Imagine we have a use case that requires us to produce at a sustained rate of 150 MB/s to a topic with the default 7-day retention. This means that by day seven, you would have about 90.7 TB of data or ~272 TB of data if replication is set to 3. In the image below, the area shaded in green represents the amount of throughput required to satisfy our requirements while the area in red represents the extra unused resources we’re getting by provisioning additional brokers to satisfy our storage requirements.

Growth of compute resources as storage scales

This is all to support requirements for a single use case. What if additional applications or use cases come online? It becomes the operators’ responsibility to distribute, limit, and balance throughput and storage between their internal tenants to avoid running out of storage capacity or throughput. This isn’t an easy task because it requires custom tooling and arbitration between the operators and developers which adds additional risk and complexity to the business.

To save our users from ever needing to think about storage constraints, we built Infinite Storage on Confluent Cloud.
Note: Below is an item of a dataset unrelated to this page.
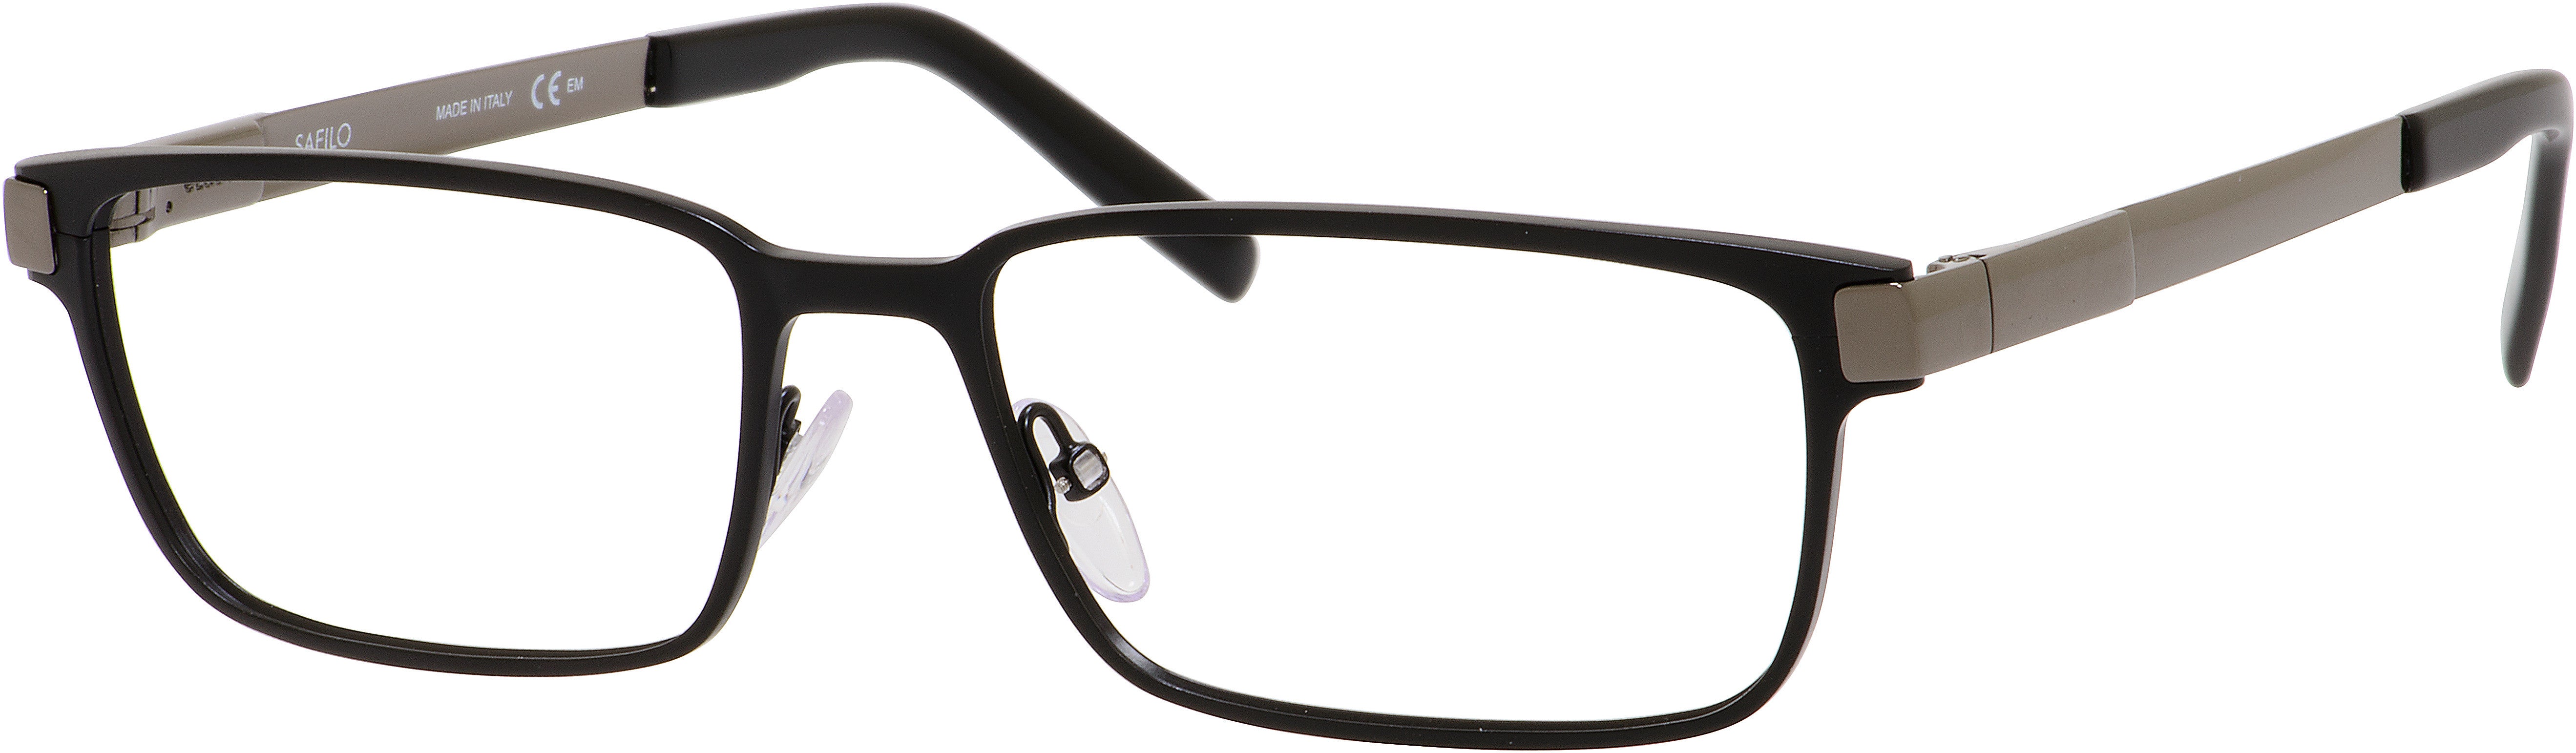  Elasta 3110 Rectangular Eyeglasses 0TI7-0TI7  Ruthenium Matte Black (00 Demo Lens)

This new storage engine provides our users with a proper cloud consumption model that allows users to store as much data as they want, for as long as they need, while only paying for the storage used. Infinite Storage starts with the separation of compute and storage resources. This allows us to store a subset of “hot” data locally on the broker while offloading the majority of data to a respective cloud provider’s object storage tier.

Local storage and object storage

With Confluent’s Infinite Storage, storage grows automatically as you need it without limits on retention time. Operators never have to worry about throttling tenants or limiting use cases based on storage ever again. This is why we say Confluent Cloud scales your storage infinitely better than Apache Kafka (once again, our marketing friends are conservative with the 10x headline).
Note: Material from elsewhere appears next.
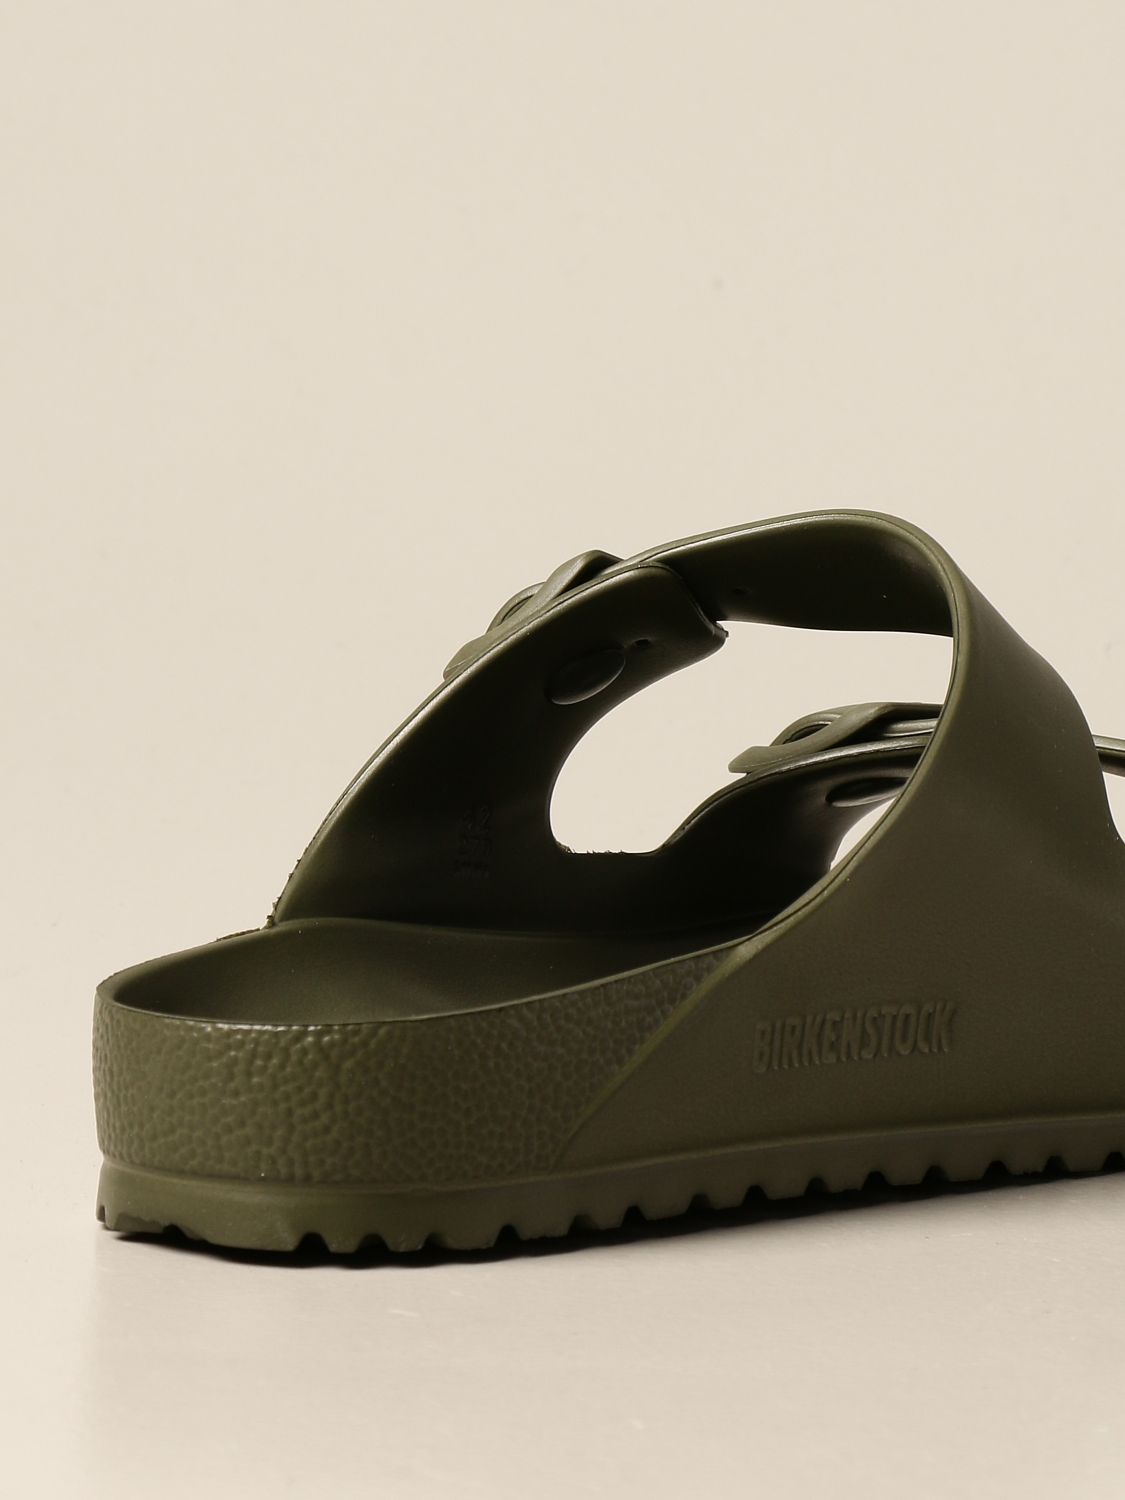 birkenstock rubber sandals

Storing 1 PB of data in Confluent: 10x faster and easier auto-scaling
Storing 1 PB of data in Confluent: 10x faster and easier auto-scaling

The effects of Infinite Storage – everybody gets the storage they need, and they only pay for what they use

Once we released Infinite Storage, it was amazing to see how quickly our customers adopted it to address some of the operational challenges mentioned above. Let’s take a look at a real example from one of our customers. This customer previously had to work with some storage capacity constraint while launching additional tier 1 use cases. They were bumping up against capacity limits while their storage usage continued to grow (noted by the first spike in storage in the chart below). This forced them to set aggressive retention policies on the data to ensure they wouldn’t hit storage limits and experience downtime.

Once Infinite Storage was released on GCP, these challenges and limitations went away for them. They were able to increase retention across a variety of topics again without having to worry about capacity issues. Because of the cloud consumption model, they only had to pay for data retained, without having to over-provision and pay for any unused capacity. This helped relieve pressure on the operator teams managing storage while giving application teams the ability to consume data over longer periods of time.

Storage progression of a Confluent customer before and after Infinite Storage

This is not an isolated incident either. We noticed that on average, users that have access to Infinite Storage end up storing 5x more data than users without it. The chart below shows the average storage per cluster over time. Once Infinite Storage was released for a respective cloud provider, we saw dramatic increases in the amount of storage users use per cluster. Infinite Storage is now generally available on all three major cloud providers, so store away!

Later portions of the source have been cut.